Category : Assembly Language Source Code
Archive   : ASSEMBLE.ZIP
Filename : CHASM.DOC
Output of file : CHASM.DOC contained in archive : ASSEMBLE.ZIP
(tm)
CHASM
Cheap Assembler
for the IBM Personal Computer
(1983) by David Whitman
Version 1.9
1
Table of Contents
Why Chasm?...........................................2
What can Chasm do?...................................3
What WON'T it do?....................................3
Syntax...............................................4
Operands.............................................6
Resolution of Ambiguities...........................10
Pseudo-Operations...................................13
Outside the Program Segment.........................16
Running Chasm.......................................18
Error and Diagnostic Messages.......................20
Execution of Assembled Programs.....................23
Notes for Those Upgrading to This Version of Chasm..26
Miscellaneous and A Word From Our Sponsor...........28
2
I. Why Chasm?
Why go to the trouble to write an assembler, when
one already exists? The IBM Macro Assembler is a very
powerful software tool available off the shelf. It
supports features such as macros, definition of
multiple segments, and linking to external procedures.

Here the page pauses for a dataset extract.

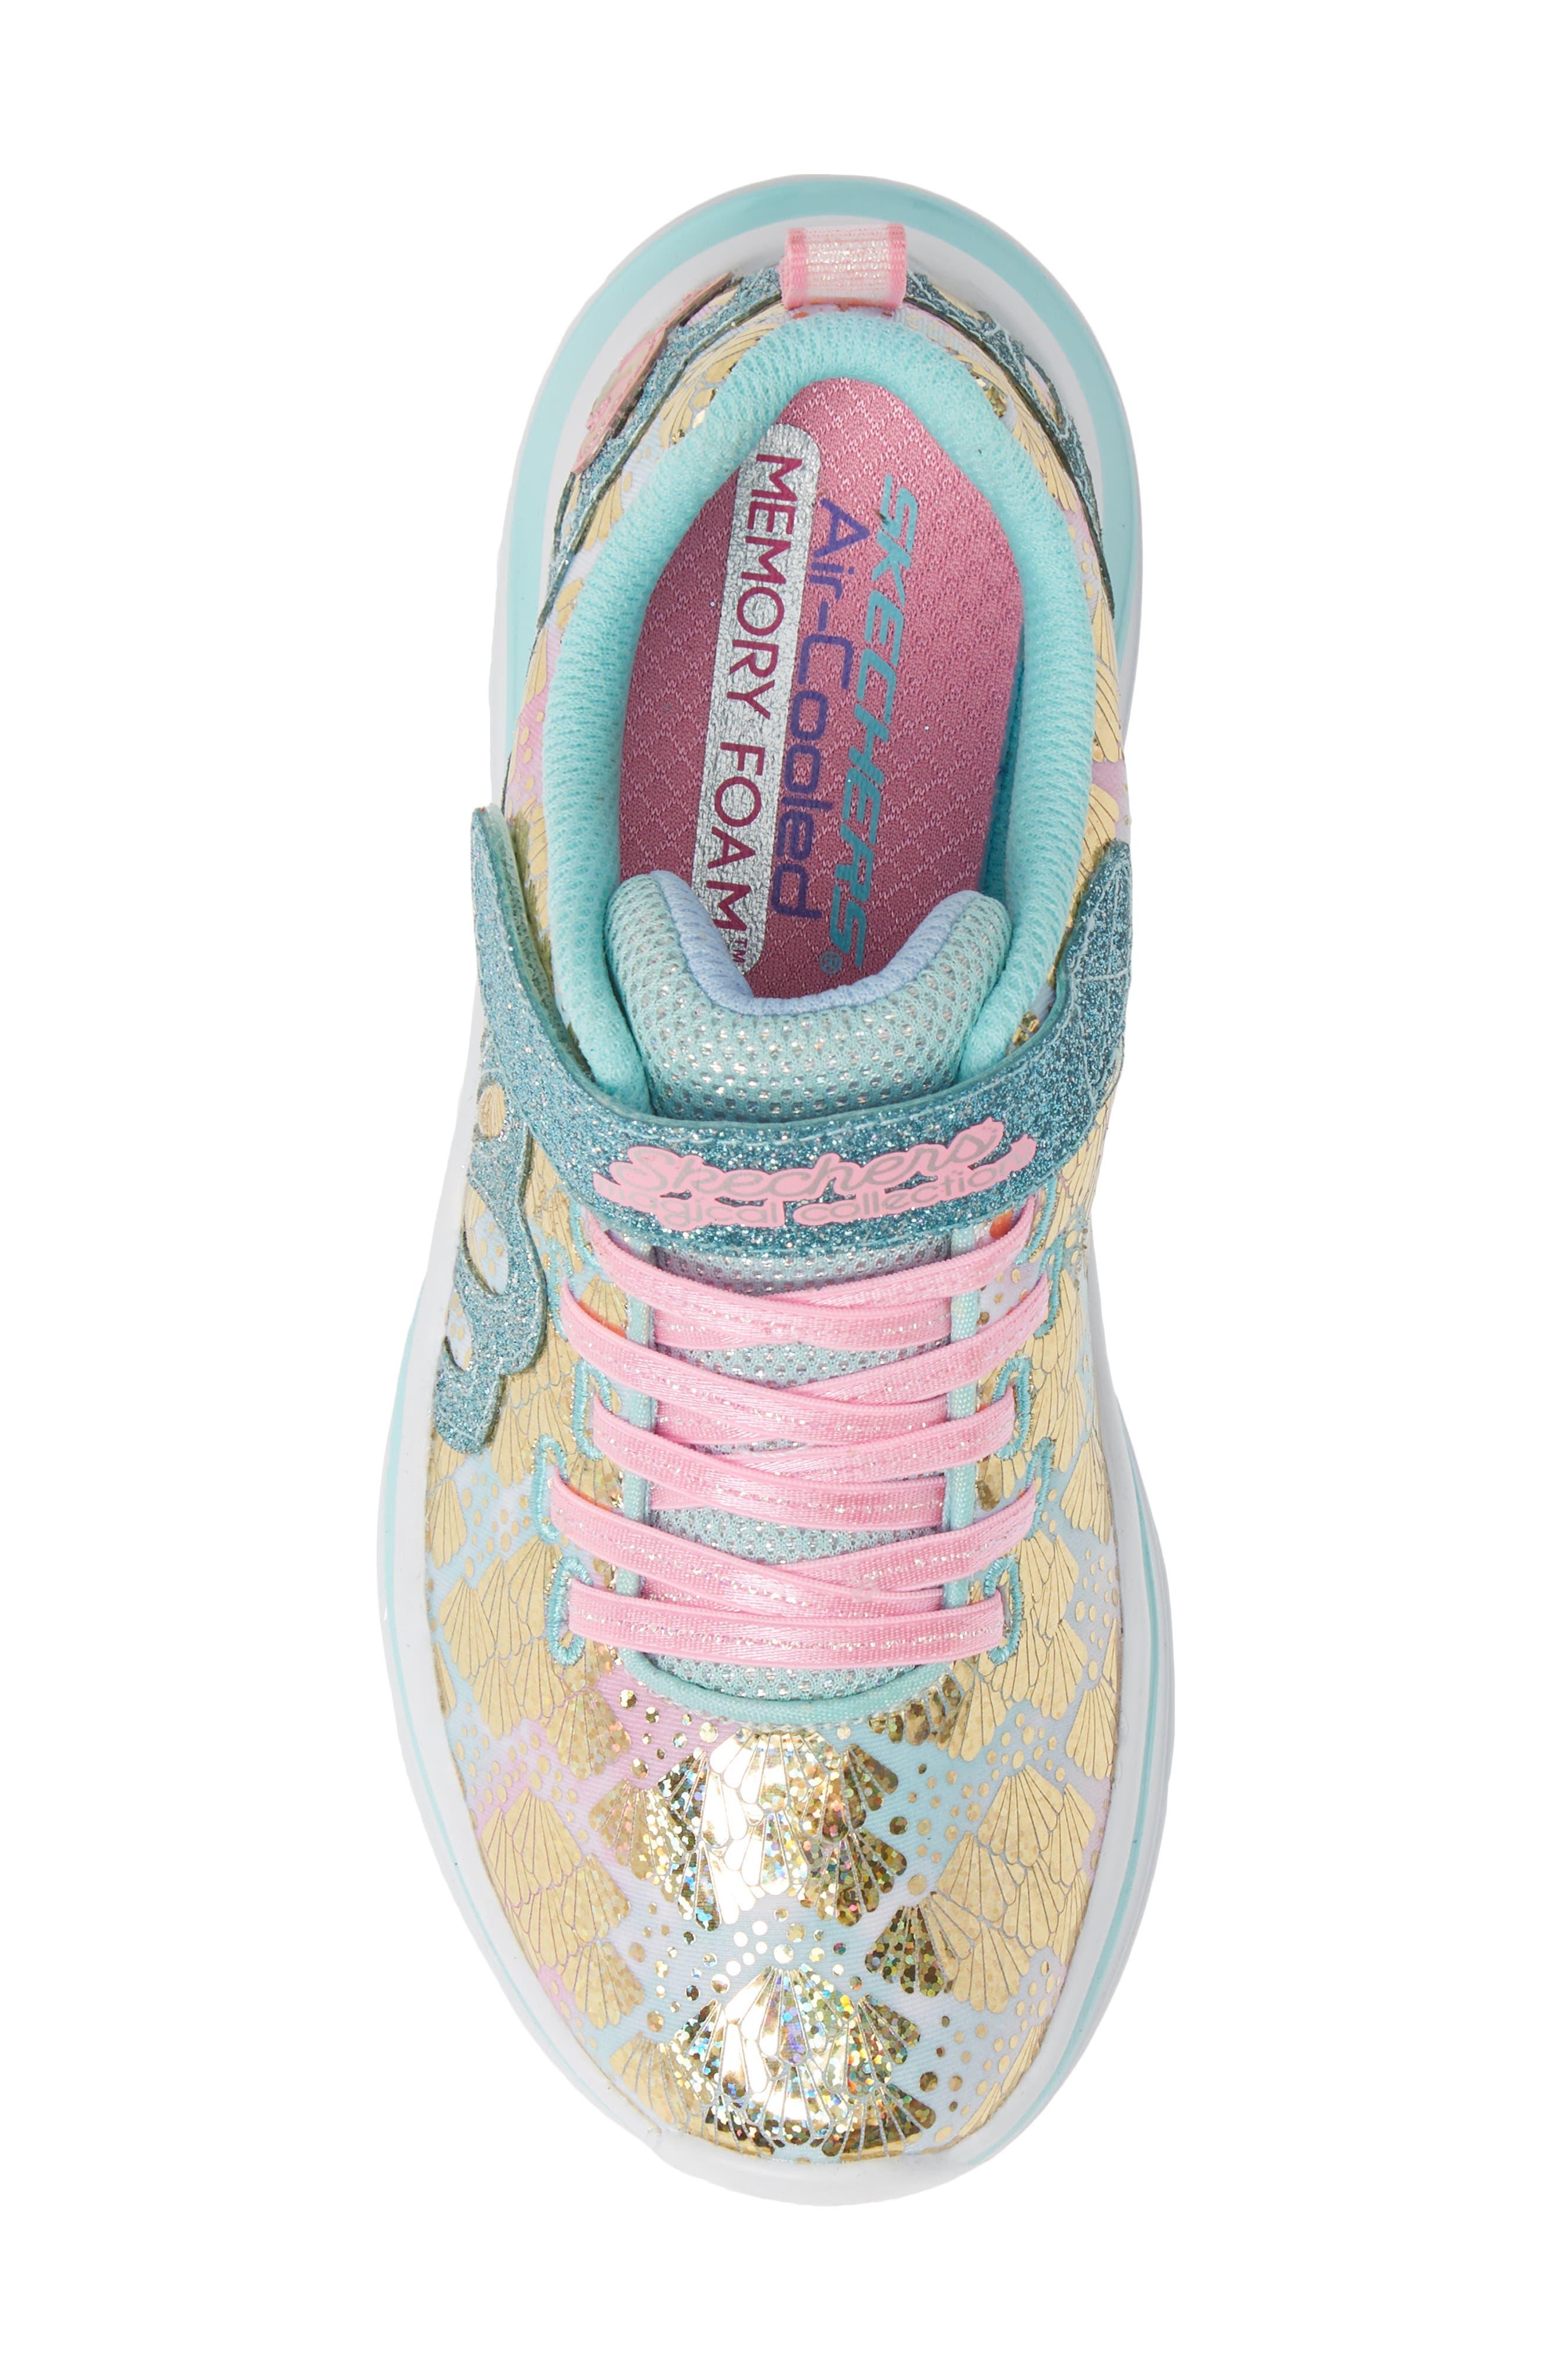 SKECHERS, Double Dreams Shimmer Sneaker, Alternate thumbnail 5, color, AQUA/ PINK TEXTILE

Unfortunately, all of this power doesn't fit into a
64K machine, and even when using the small subset
version, 64K users are limited by memory to only very
small programs. The macro assembler is also very
complex, hard to understand, and costs a hundred bucks.

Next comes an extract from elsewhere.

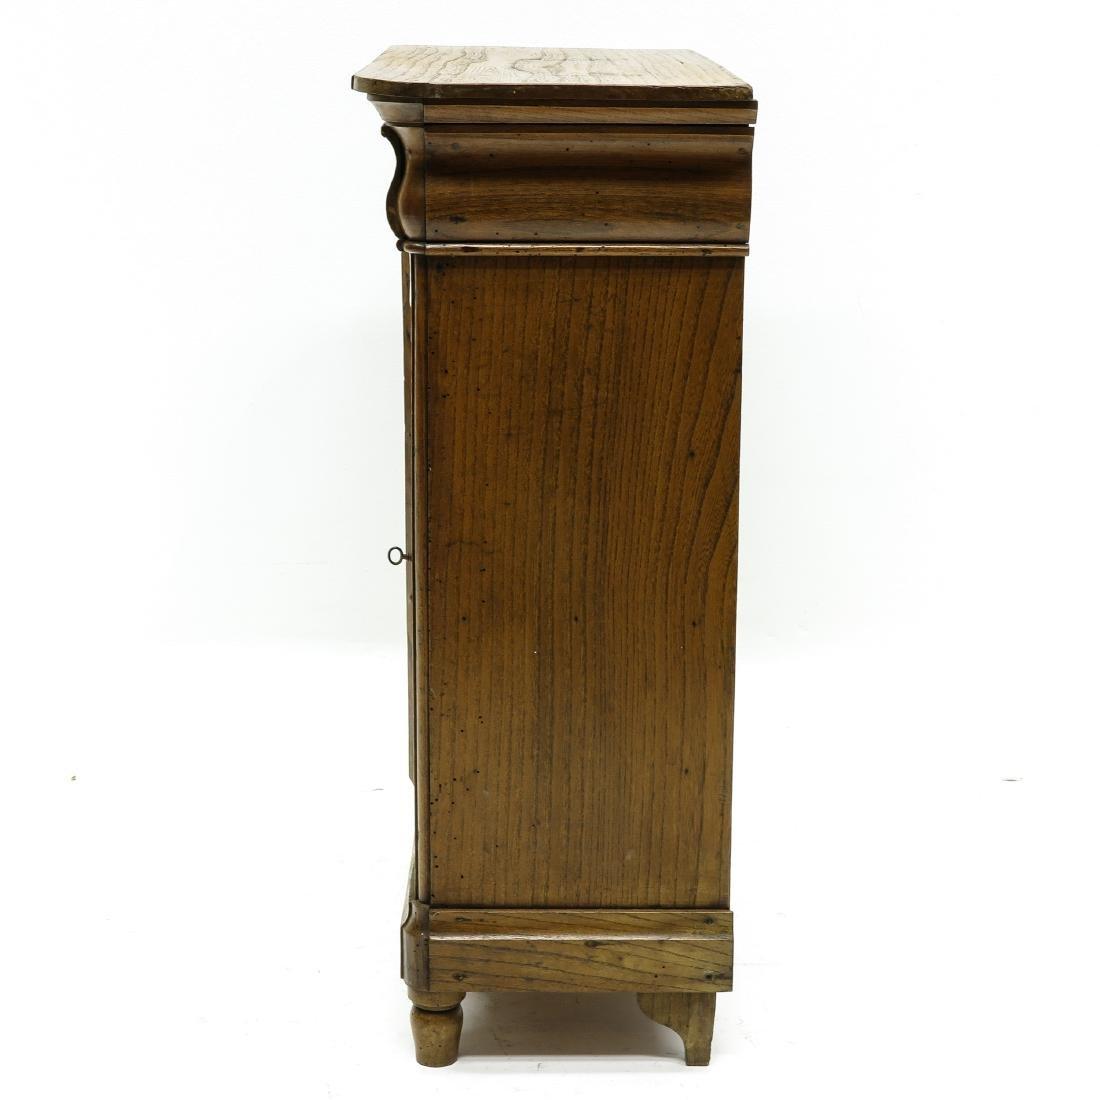 A Miniature Biedermeier Cabinet - 3

Even though the price of memory keeps dropping, I
suspect that the majority of the IBM PC's out there have
no more than 64K installed. Also, I suspect that most
end-user assembly language programmers are like myself,
and are not interested in writing huge, complicated
programs in assembler. I want to write short
subroutines to call from BASIC, small patches to
existing assembler programs (such as DOS), and perhaps
some games. For such uses, I think the combination of
the Macro Assembler and a tub full of extra memory
represents an incredible overkill. Chasm is, I hope, a
more reasonable compromise between power and
accessability (both in cost and complexity).
3
II. What can Chasm do?
Chasm takes a text file, consisting of mnemonics,
user-defined symbols, numbers, and pseudo-ops, and
produces a file of corresponding machine language for
the 8088 processor. Chasm allows you to define labels
for branching, rather than requiring you to figure out
offsets or addresses to jump to. It allows you to
represent with a name any constants you want to use,
making your programs easier to understand. Most
importantly, it translates mnemonics to their machine
language equivalents freeing you from the task of hand
translation.
III. What WON'T it do?
In the interest of simplicity, Chasm has a number
of restrictions:
1. Statement syntax is not quite as free as in the
macro assembler.
2. The number of pseudo-ops is severely cut down
from the macro assembler.
3. Macros are not supported. (Note that the IBM
assembler doesn't support macros in systems
smaller than 96K)
4. Expressions (such as BUFFER - 2 ) are not
supported, at least in version 1.0.
5. Multiple segment definitions are not allowed, at
least in version 1.0. Chasm assumes that your
entire program fits in one segment, that the cs,
ds, and es registers all point to this same
segment, and that the ss register points to a
valid stack area.
6. External linking is not supported, at least in
version 1.0.
4
IV. Syntax
Chasm accepts a standard DOS text file for input. Lines
may be any combination of upper and lower case
characters. Chasm does not distinguish between the two
cases: everything except single quoted strings are
automatically converted to upper case during the
parsing process. Thus, BUFFER, Buffer, buffer, and
bUFFer all refer to the same symbol.
The characters blank ( ) , comma (,), single quote (')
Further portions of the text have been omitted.